*Your instructions*
Each line of the data below from the one holding "5 pugs. Cold" to the one holding "At Home with", inclusive, is to be reproduced exactly; no other line belongs in the answer.

Raw data Start Marker

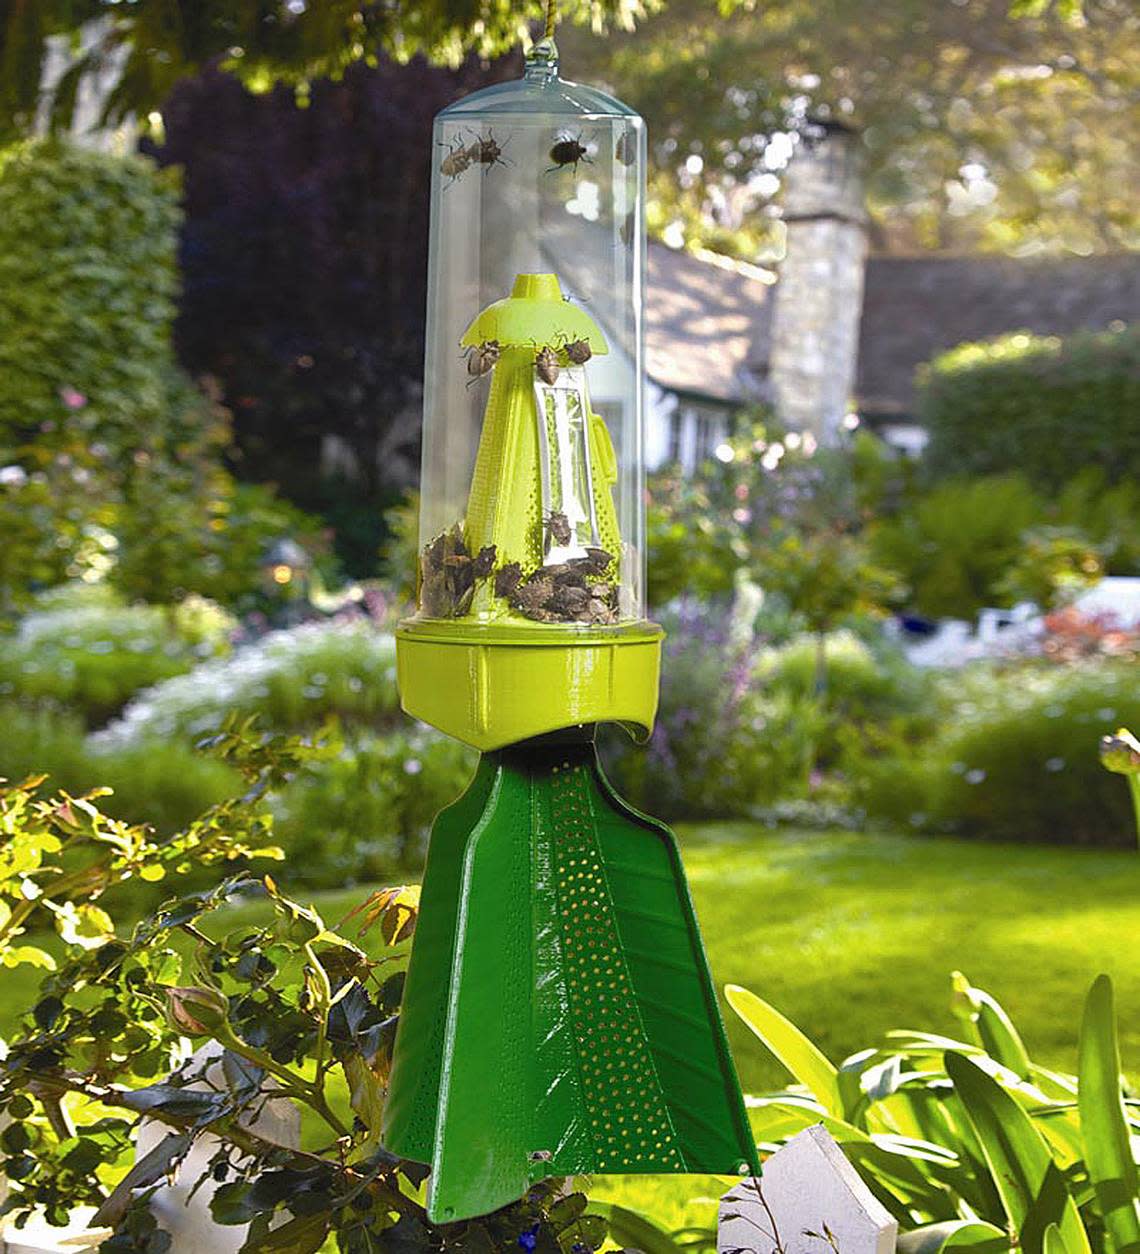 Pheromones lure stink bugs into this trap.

Raw data End Marker
Raw data Start Marker

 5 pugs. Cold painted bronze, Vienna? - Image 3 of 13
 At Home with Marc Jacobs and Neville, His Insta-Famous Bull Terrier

Raw data End Marker
Raw data Start Marker

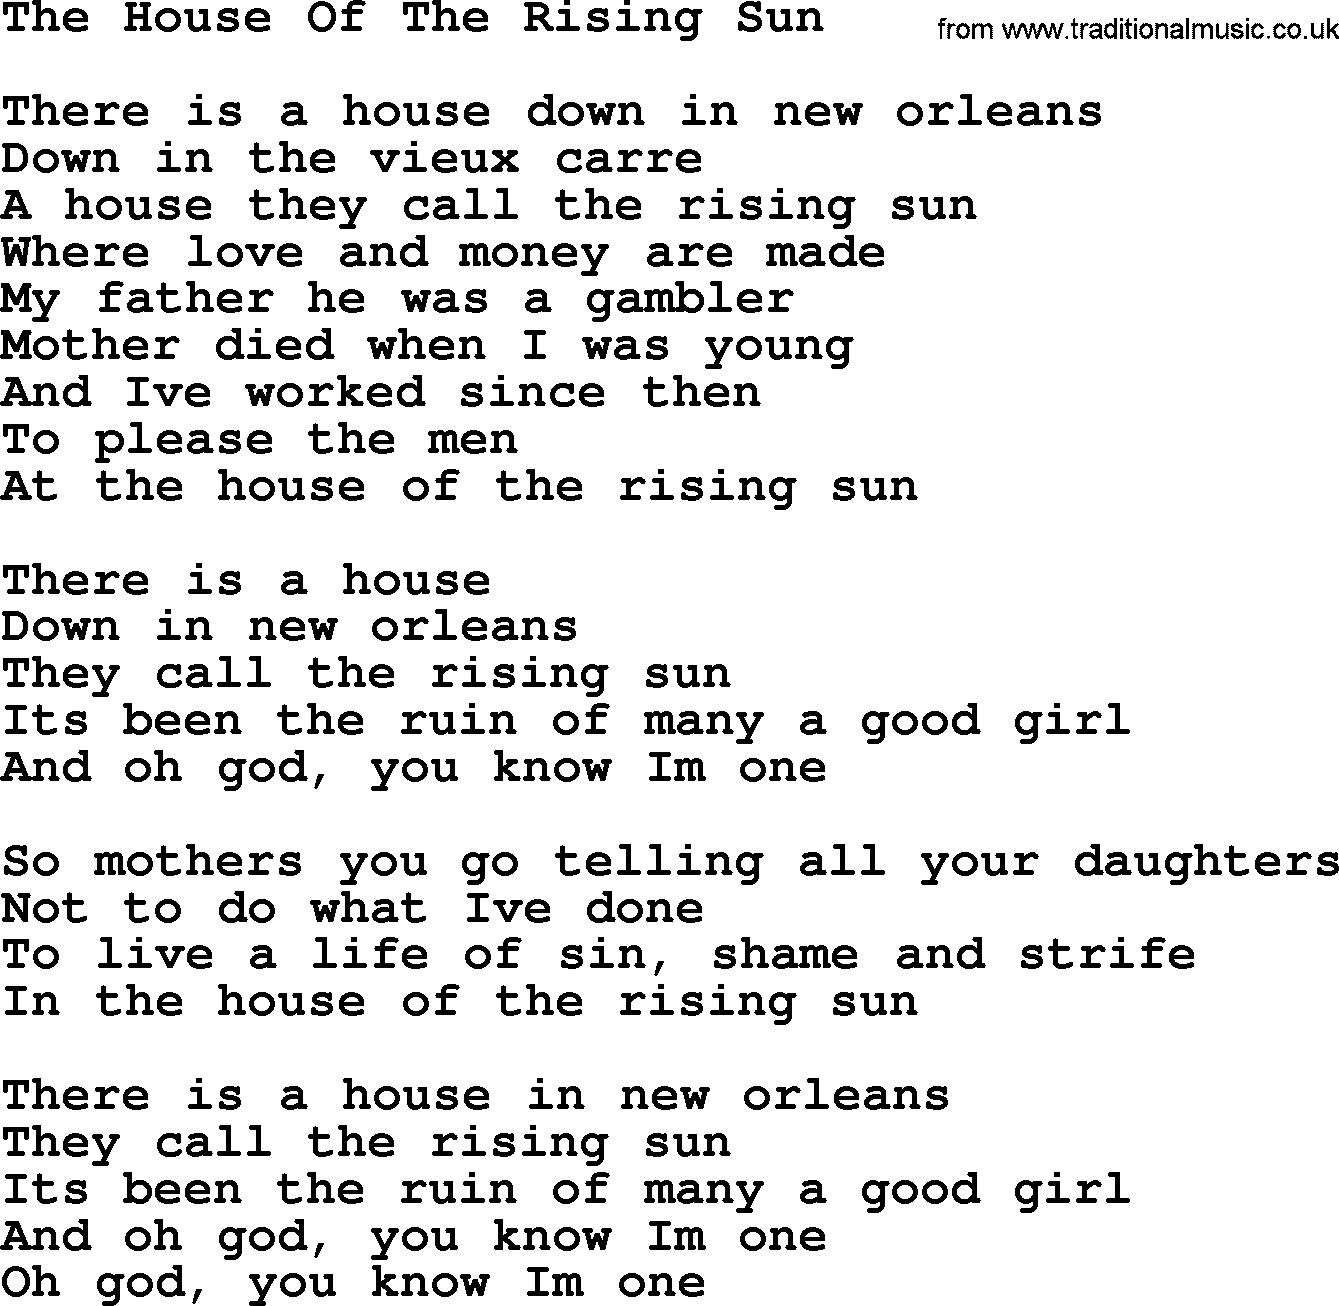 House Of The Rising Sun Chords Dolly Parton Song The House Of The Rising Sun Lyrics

Raw data End Marker

*Written response*
 5 pugs. Cold painted bronze, Vienna? - Image 3 of 13
 At Home with Marc Jacobs and Neville, His Insta-Famous Bull Terrier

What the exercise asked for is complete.